Mike Shaw

Personal information
- Born: Michael Paul Shaw May 9, 1957 Skandia, Michigan, U.S.
- Died: September 11, 2010 (aged 53) Marquette, Michigan, U.S.
- Cause of death: Pulmonary embolism
- Spouse: Kelly Shaw
- Children: 2

Professional wrestling career
- Ring name(s): Aaron Grundy Big Ben Sharpe Bastion Booger Cousin Mike Friar Ferguson Jed Grundy Klondike Mike Makhan Singh Man Mountain Mike Mike Striker Norman the Lunatic Norman the Maniac Trucker Norm William Danger Mike The Danger
- Billed height: 6 ft 1 in (185 cm)
- Billed weight: 401 lb (182 kg)
- Trained by: Killer Kowalski
- Debut: 1980
- Retired: 2006

= Mike Shaw =

American wrestler (1957–2010)

Michael Paul Shaw (May 9, 1957 – September 11, 2010) was an American professional wrestler who was best known for his stint in World Championship Wrestling (WCW) as Norman the Lunatic, and as Bastion Booger in the World Wrestling Federation (WWF, now WWE).

==Professional wrestling career==

=== Canadian territories (1980–1989) ===
Mike Shaw started wrestling in 1980 in Vancouver's NWA All-Star Wrestling using the ring name Klondike Mike. In 1981, he wrestled in the WWF as Mike Smith, in a losing effort against former world champion Pedro Morales on All Star Wrestling. In 1982, Shaw began wrestling under his real name for Stu Hart's Stampede Wrestling in Calgary, Alberta. In 1984, he worked for All Japan and Montreal. A year later he worked in the Maritimes.

In 1984, Shaw connected with wrestler Gama Singh and was bestowed the ring name of Makhan Singh, forming the stable "Karachi Vice" with Gama Singh and Gary Albright as Vokhan Singh and managed by Judah Rosenbloom and following the rebirth of Stampede Wrestling in 1985, by Abu Wizal and feuded with the likes of Owen Hart, Davey Boy Smith, Bret Hart, and Chris Benoit.

From 1986 to 1988 he won the Stampede Wrestling North American Heavyweight Championship three times defeating Owen Hart and losing the title back to Hart. He dropped the title the final time to Don Muraco on December 9, 1988. On December 30, 1988, he and Vokhan Singh defeated The British Bulldogs for the Stampede Wrestling International Tag Team Championship. They dropped the titles to Chris Benoit and Biff Wellington on April 8, 1989. After the loss Shaw left Calgary.

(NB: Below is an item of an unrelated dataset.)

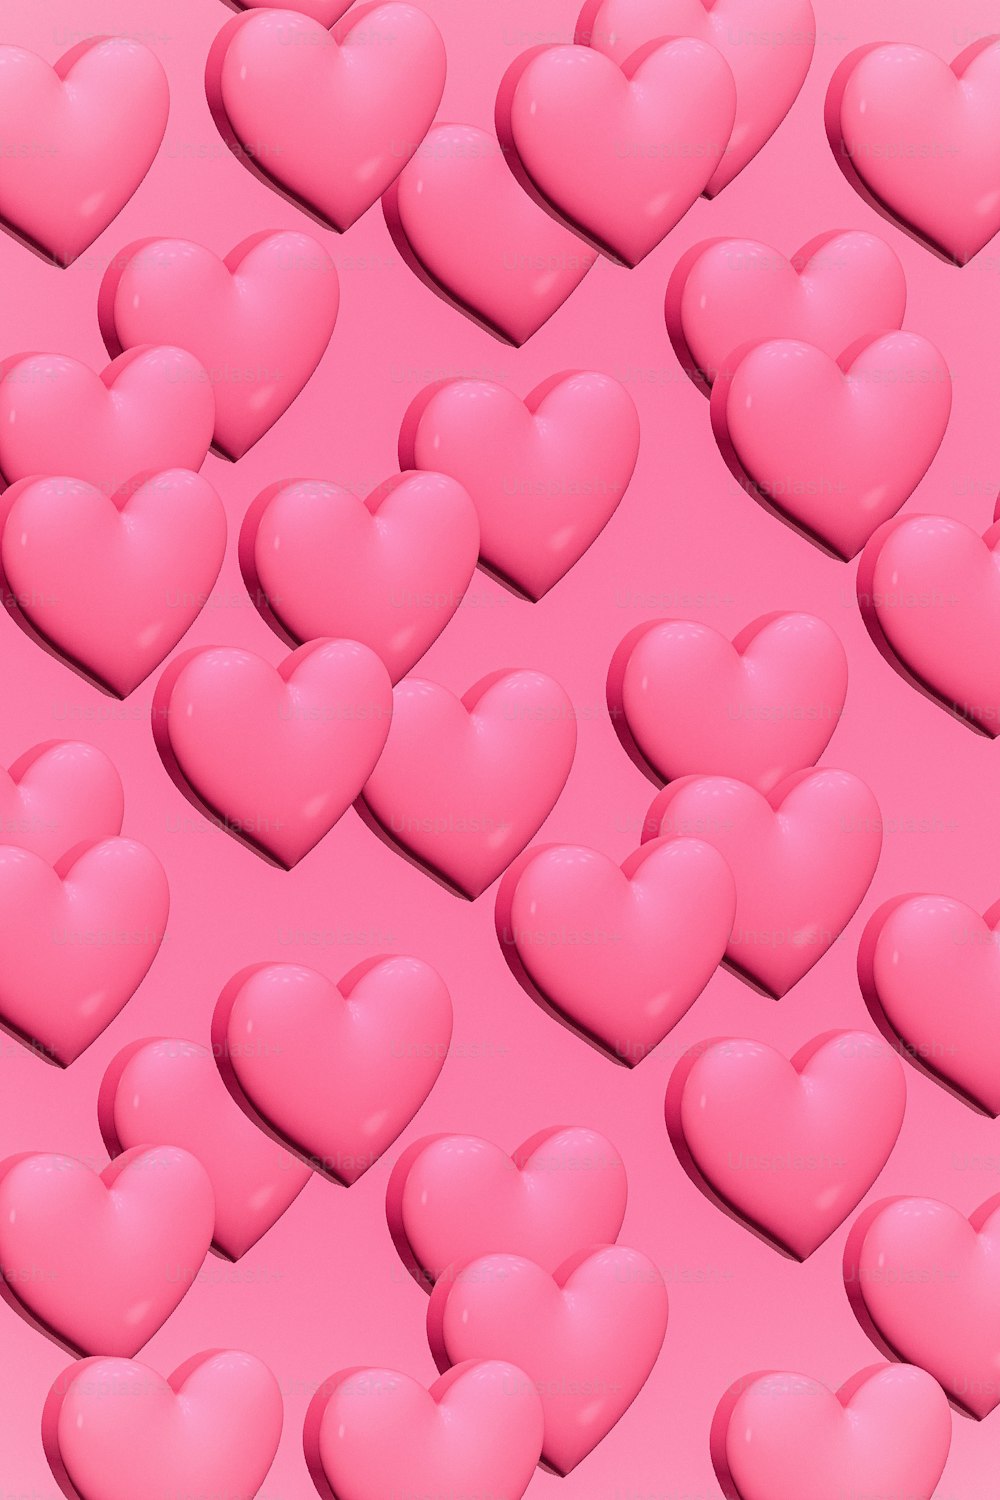 um monte de corações cor-de-rosa em um fundo rosa

=== World Championship Wrestling (1989–1991) ===
Stampede Wrestling closed in December 1989. Just prior to the closure, he received the opportunity to join World Championship Wrestling as Norman the Lunatic. According to Jim Ross, who was at the time a lead commentator for WCW, he was the one who contacted Stampede Wrestling head Stu Hart and recommended for Shaw to join WCW.

He was managed by Theodore Long, who led him around with a giant key. This key was symbolic of Long's potential to recommit Norman to the insane asylum he came from if he did not follow orders. Norman carried a teddy bear with him.

Norman eventually broke away from Long, and turned face (being renamed Norman the Maniac). He feuded with Kevin Sullivan, and even received title shots against NWA World champion Ric Flair.

Shaw later adopted a trucker gimmick as Trucker Norm, ostensibly in memory of his late father, a long-haul truck driver. Shaw then wrestled in Memphis' USWA as Jed Grundy.

=== Global Wrestling Federation (1991) ===
In 1991, Shaw wrestled in the Global Wrestling Federation under his "Makhan Singh" gimmick, where he joined The Cartel with Cactus Jack, Rip Rogers, and Scott Anthony.

=== Mexico (1991–1992) ===
Shaw wrestled in Mexico in the early 90s as Aaron Grundy, the supposed brother of Solomon Grundy, in EMLL and on the Mexican independent scene. Solomon Grundy was an established wrestler in the promotion and in Mexico.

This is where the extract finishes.